Fred grew up in a fishing village off the California coast, playing in abandoned buildings and rusting supertankers. He has no nostalgia for the remnants of his father's civilization, and seeks to make his own mark in the world by learning the science of magic, which leads him and his friend Yan to discover how to reverse the Change.
But Yan's recklessness and his growing obsession with humanity's former powers forces Fred to take a stand against his friend - and sets him on a journey in which the return of an extraordinary figure from his father's haunted past is inextricably bound with this world's future.
I'd been reading unicorn books all year now, but I kept Ariel and it's sequel for the end. I had some suspicion they might be good, after all, the first book was written in the 80's but it's still in print. I was not disappointed.
In the first book we meet Pete, who was coming home from a high school debate competition when suddenly the world as he knew it stopped. Inexplicably, certain rules of physics stopped working (while other necessary for life like cohesion between atoms, or gravity seemed to be unaffected, but one could no longer harness electricity, nor build a hand-powered machine even if all it needed were a few gears to turn, and gunpowder no longer combusted...one of those cases where you just have to accept the rules and enjoy the story). A good portion of the world's population also just vanished, including Pete's family. Somehow he managed to surive on his own for a while until one day, while bathing in a lake, he looked up to see an injured unicorn.

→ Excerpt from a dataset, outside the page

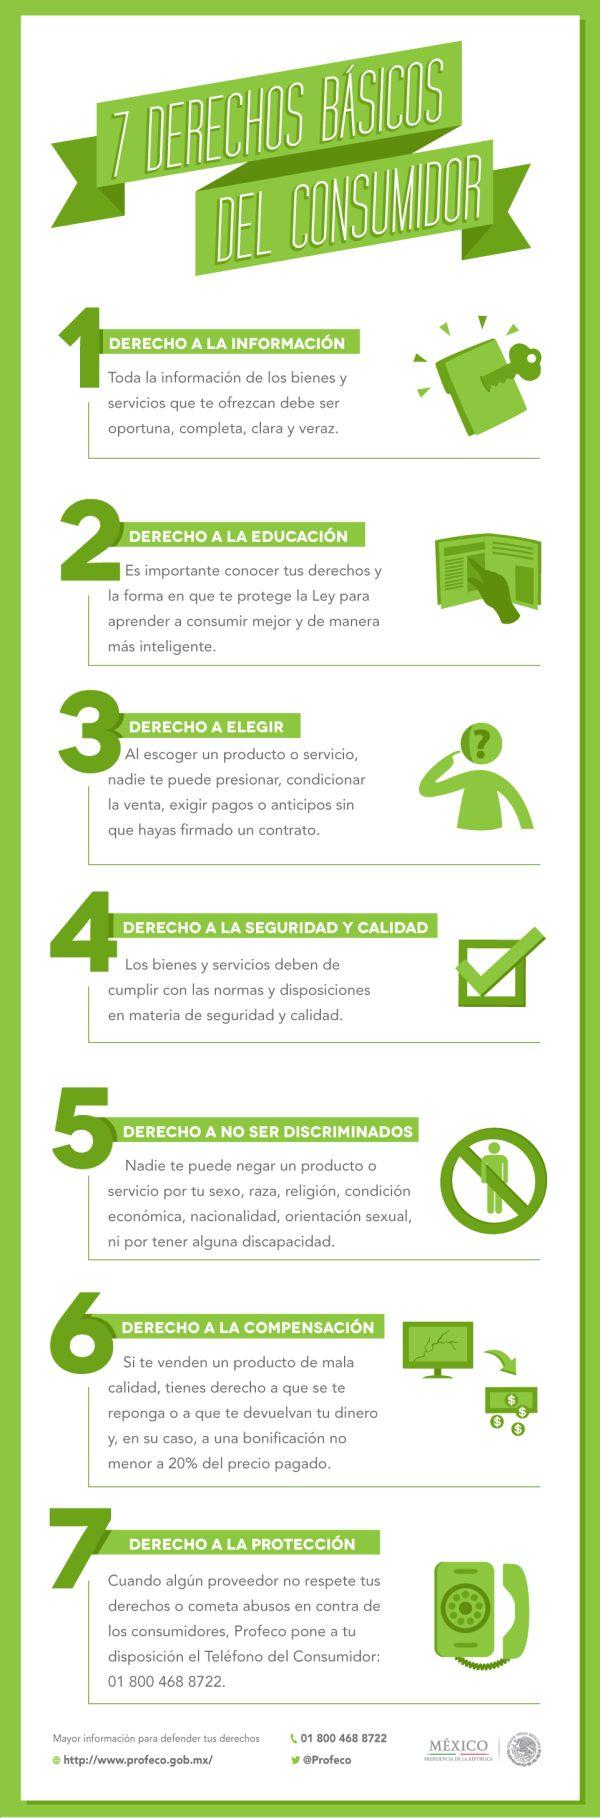 7 derechos básicos del consumidor en México @Profeco #infografia #infographic #marketing

Jump ahead a few years and Pete has managed to teach Ariel how to talk...like a teenage boy. She could swear with the best of them, or quote poetry, depending on her whim. They travel the near empty roads, pretty much avoiding everyone else, after all a unicorn's horn is a prize much to be desired by the few magic users of the world. But you can only hide for so long, and then they needed help, in particular from a katana sword wielding hermit, a boy who couldn't go home till he slayed a dragon, and a woman who was to be the end of a beautiful friendship. But before the doom there were trips by whale and flying through an abandoned New York. But don't think this is a kid's book because of the sparkly horse on the cover, this book is for adults and touches on very serious themes, with some rather graphic violence...I labelled this as a post-apocalyptic tale because unicorn not-withstanding, it has all the other elements of one of that genre. That it was magic and not a nuclear bomb, the effect was the same and the world as we know it ended.

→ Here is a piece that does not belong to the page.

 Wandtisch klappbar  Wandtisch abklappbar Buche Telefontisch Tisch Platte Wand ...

And talking of serious, there is Elegy Beach. Boyett never intended to write a sequel to Ariel, sure, it probably would have been popular because of the big fan base Ariel had, but he didn't want to do it just for the money. But one day, he thought, what if magic was a kind of software for the universe, as perhaps physics is for us today? And that just fit into his world of the Change so perfectly that he found a reason to return and explore the idea with Fred and his friend Yan. Pete and Ariel were to show up but be tangential.
But novels take on a life of their own, and while Elegy Beach is written from the point of view of Fred, it is really a story that wraps up Pete and Ariel's storyline. And didn't really get a chance to get into the whole magical software thing other than to mention the concept (which is a cool idea, seeing as I'm a software developer it quite appealed). A story of life, loss, and death. Of finding your place in the world. About longing for the past or looking forward to the future. That nothing can last forever and that the things will always Change, no matter how much we resist. I needed access to a kleenex box a couple of times along the way, sometimes because I was laughing so hard because there is a lot of wry humour mixed in with the deep philosophical moments.
These are very, very good books. If you only read a handful of unicorn books in your lifetime, then you must read The Last Unicorn by Peter S. Beagle, and this duology by Steven R. Boyett.